Xue-Wen Li ‡ , § , Johanna S. Rees ¶ , ‖ , Peng Xue ‡ , Hong Zhang ‡ , Samir W. Hamaia ¶ , Bailey Sanderson ** , Phillip E. Funk ** , Richard W. Farndale ¶ , Kathryn S. Lilley ¶ , ‖ , Sarah Perrett ‡ , 4 , Antony P. Jackson ‡ , ¶ , 5
4 April 2014
Background: B cell receptor (BCR) clusters modulate BCR signaling in B-lymphocytes.
Results: We used a quantitative proteomic proximity assay to analyze the BCR cluster in DT40 cells.

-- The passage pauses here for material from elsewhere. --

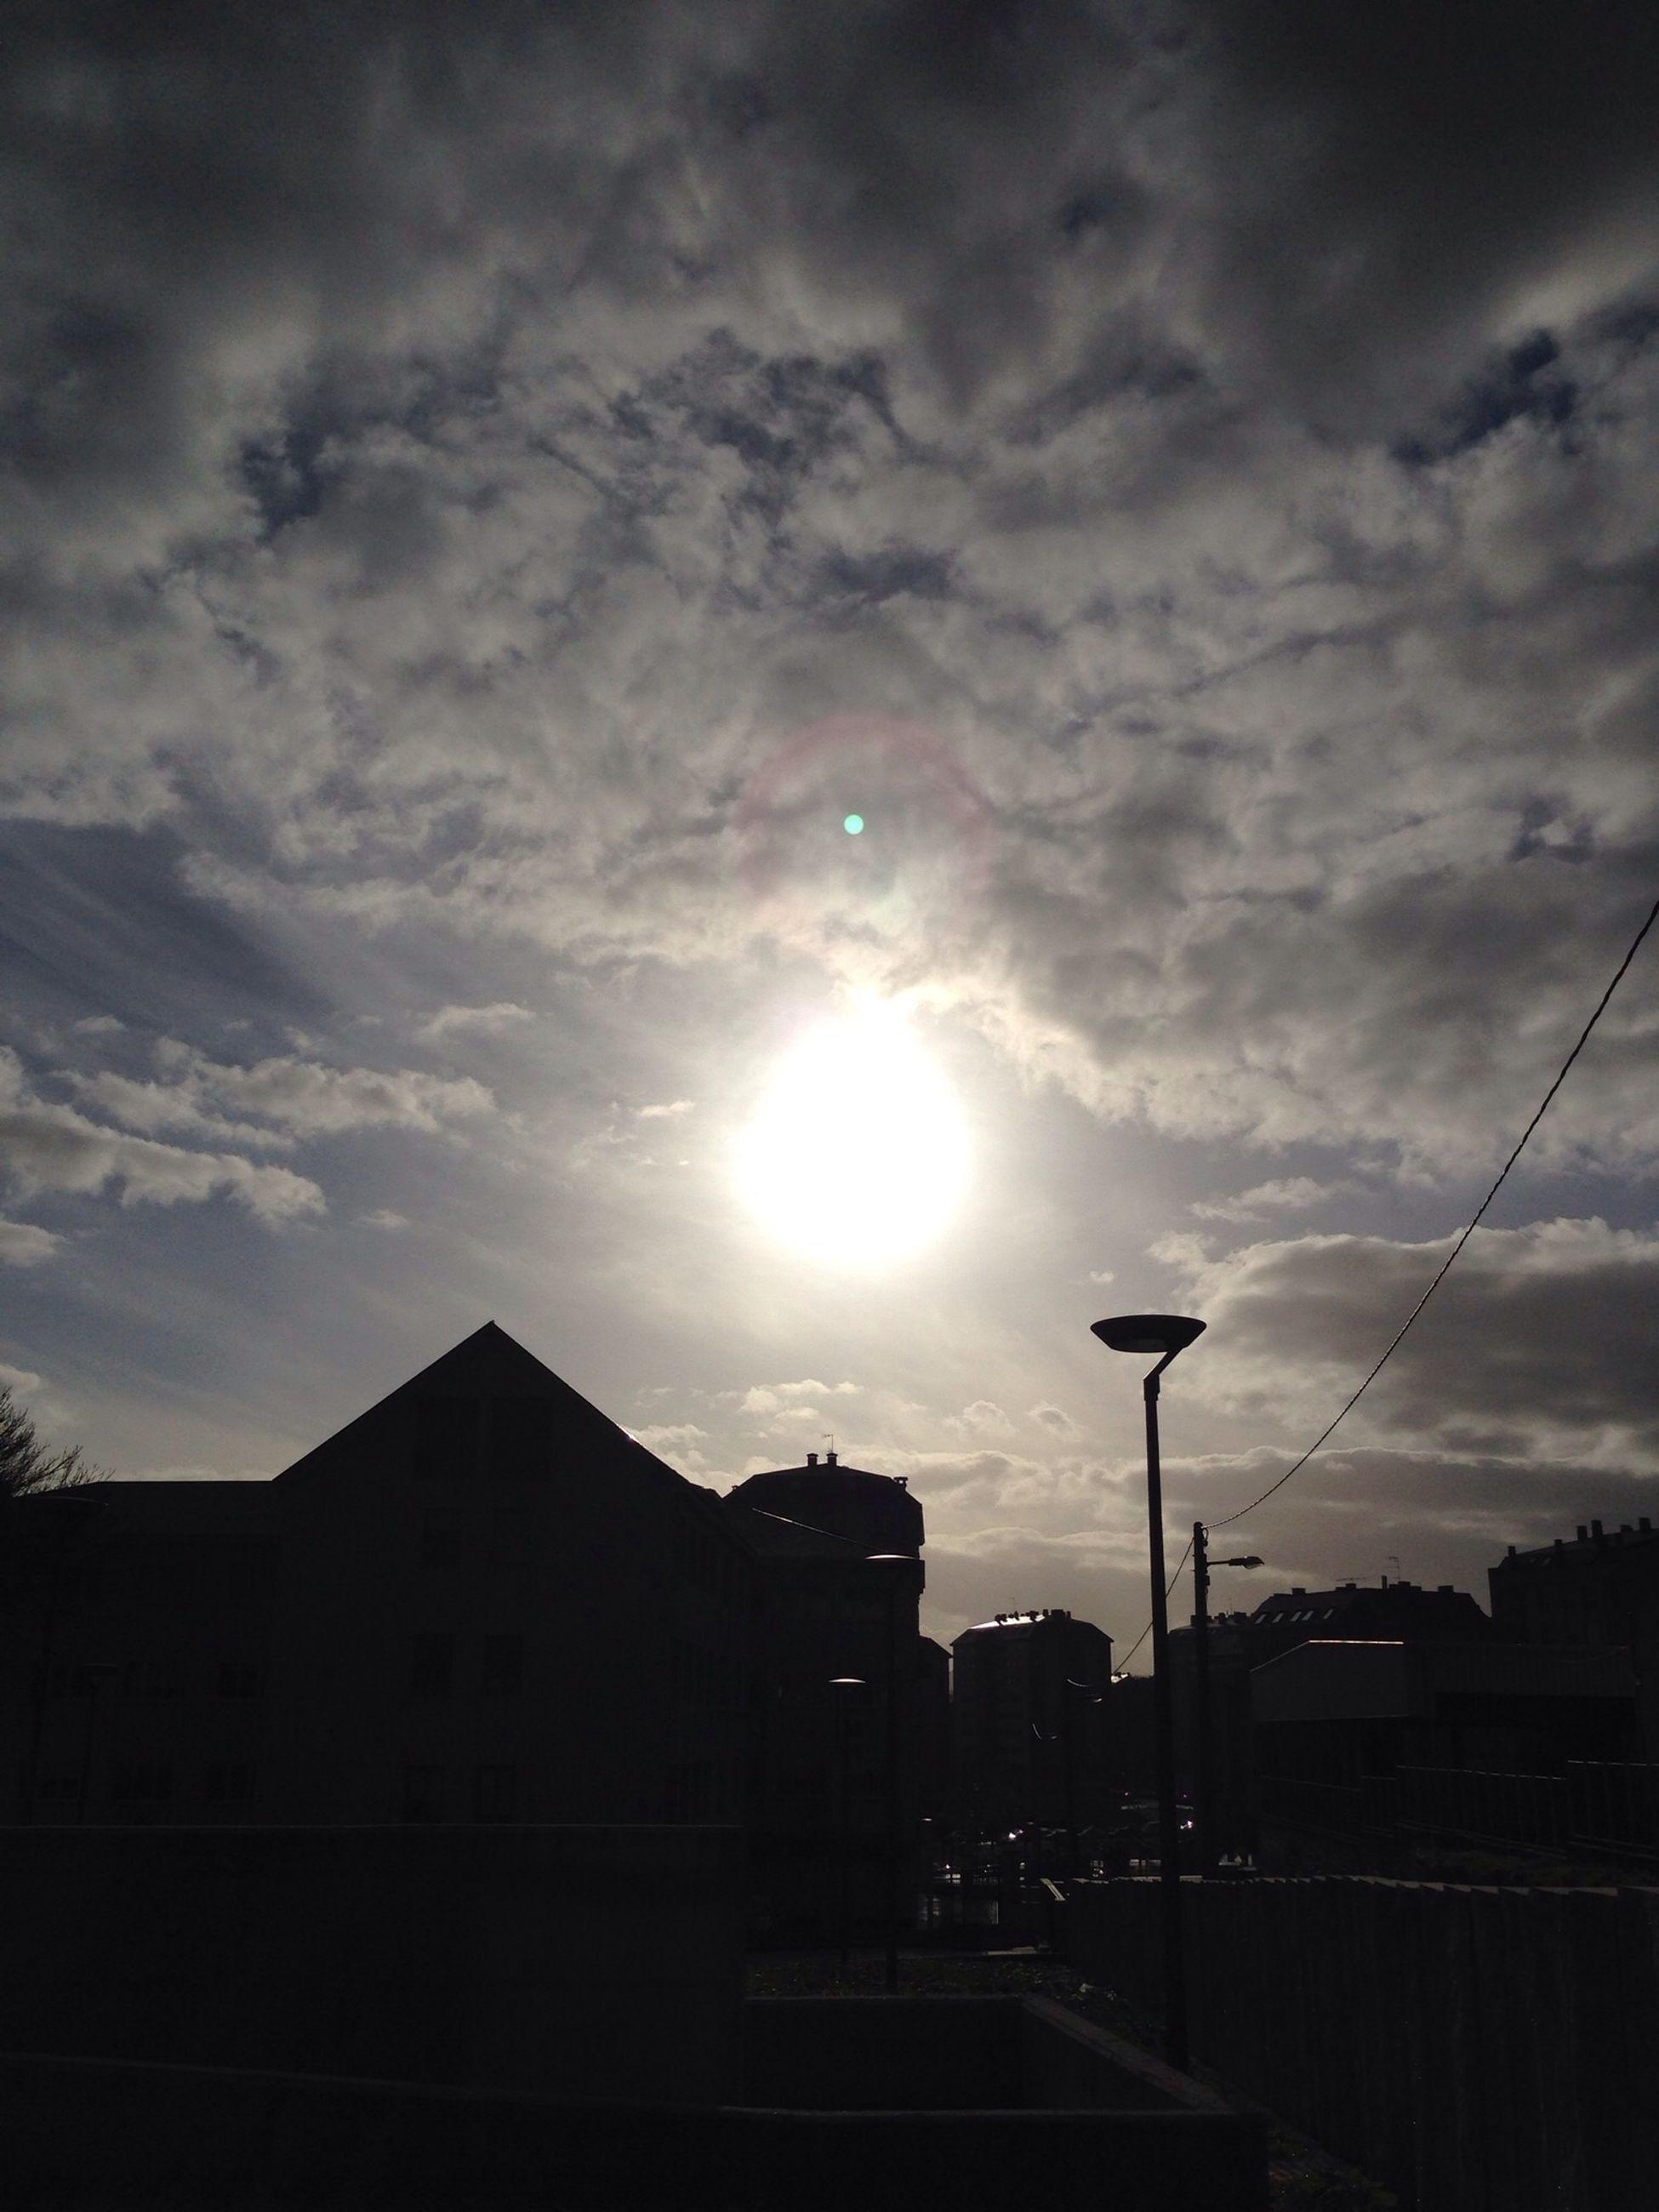 sky, building exterior, built structure, sun, architecture, cloud - sky, street light, silhouette, sunset, sunbeam, sunlight, cloudy, city, cloud, lens flare, low angle view, building, outdoors, street, no people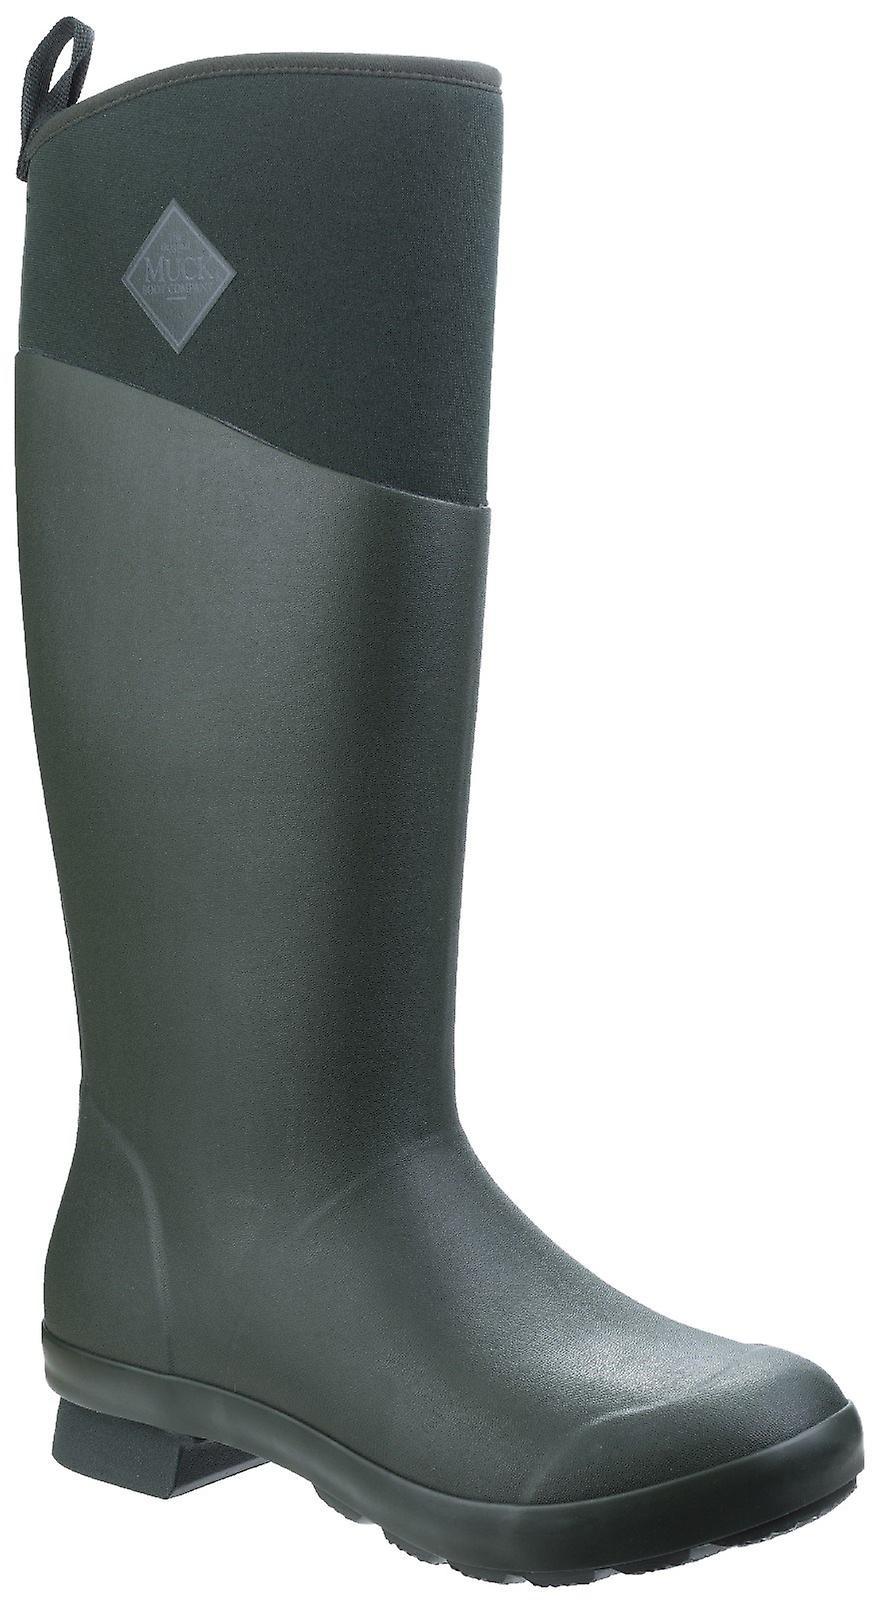 Muck Boots Tremont Wellington Tall Waterproof Women/'s Wellie Boot

Conclusion: Our proximity labeling assay identified novel components of the BCR cluster linked to integrin signaling.
Significance: We provide new insights into BCR assembly and identify new and unexpected targets for further functional analysis.
In the vertebrate immune system, each B-lymphocyte expresses a surface IgM-class B cell receptor (BCR). When cross-linked by antigen or anti-IgM antibody, the BCR accumulates with other proteins into distinct surface clusters that activate cell signaling, division, or apoptosis. However, the molecular composition of these clusters is not well defined. Here we describe a quantitative assay we call selective proteomic proximity labeling using tyramide (SPPLAT). It allows proteins in the immediate vicinity of a target to be selectively biotinylated, and hence isolated for mass spectrometry analysis. Using the chicken B cell line DT40 as a model, we use SPPLAT to provide the first proteomic analysis of any BCR cluster using proximity labeling. We detect known components of the BCR cluster, including integrins, together with proteins not previously thought to be BCR-associated. In particular, we identify the chicken B-lymphocyte allotypic marker chB6. We show that chB6 moves to within about 30–40 nm of the BCR following BCR cross-linking, and we show that cross-linking chB6 activates cell binding to integrin substrates laminin and gelatin. Our work provides new insights into the nature and composition of the BCR cluster, and confirms SPPLAT as a useful research tool in molecular and cellular proteomics.